部屋に少しだけ残り香がある。これはどんな女性にも抗うことが出来ない薬だからね」
「ご名答」
ぱんぱんと神父様が感心をしたように手を叩いた。
それをより冷めた目でカインは見つめる。

「まったく。酷いことをしてくれるよね。
僕がどれだけリアを大切にしてるか分かっていながら……」
カインはベッドの側に来ると手枷を解き、私を抱き寄せた。

「これは契約違反だよ?」
「違いますよ。あなたに渡すまで手を出さない……というのが本当の契約だったはずです」
「あなたらしい言い訳だね。でも聡明な神父様なら普通、
他人の妻に手を出さないと思うんだけど?」
「魅力的な女性ならば誰であろうと他の男性の味を教えて差し上げたくてね。
幸せは皆平等に与えるものだと我が神もおっしゃっておられますし」
ローブから覗くカインの柳眉がぴくりとあがった。

「へぇ。さすがは神父様だ。

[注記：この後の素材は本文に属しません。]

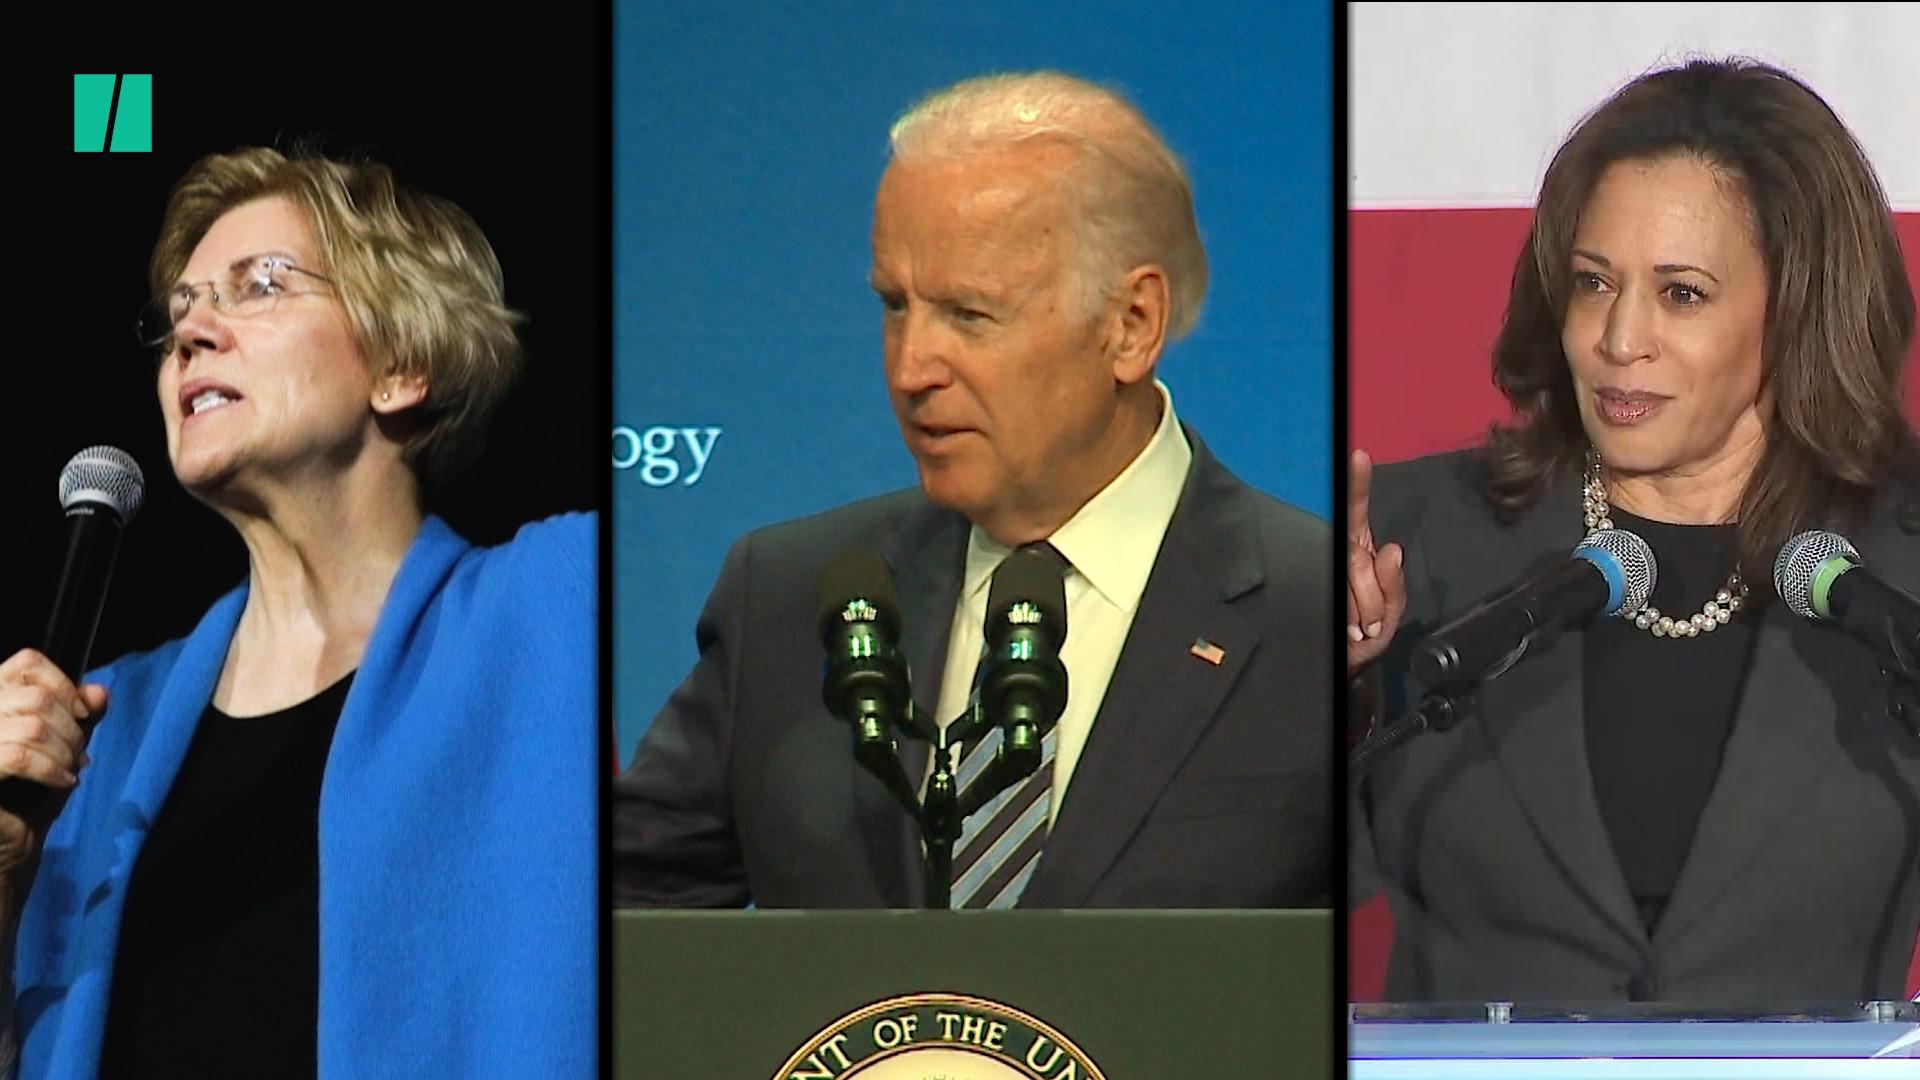 5 Takeaways From The First 2020 Democratic Presidential Debate

良いように解釈して、望んでいない人にも強引に与えてるんだから。
まあ、他の女に手を出すのはかまわなけどさ、二度とリアには手を出さないでくれる?」
「それは約束しかねますね」
神父様の返事にカインは一層目を細めた。

「彼女の身体はまるで麻薬のようです。忘れられるはずがない。それに……」
「それに?」
「彼女が私を忘れられるとも思えませんがね。あれほど乱れたのですから」
「自信過剰も程度が過ぎると嫌われるよ」
カインがぴしゃりとはねのけと神父様はわずかばかり動揺が見た。
しかし、すぐに元の表情に戻る。

「私もその言葉を返して差し上げます。まあいいでしょう。今日はこれで失礼しますよ。
また、仕事の依頼にくるかもしれませんが……リア」
「え?」
名前を呼ばれて顔をあげた。

「私が忘れられなければいつでも教会に戻ってきなさい。
いつでも戻れるようにしておきますから」
神父様はそう言い、帰って行った。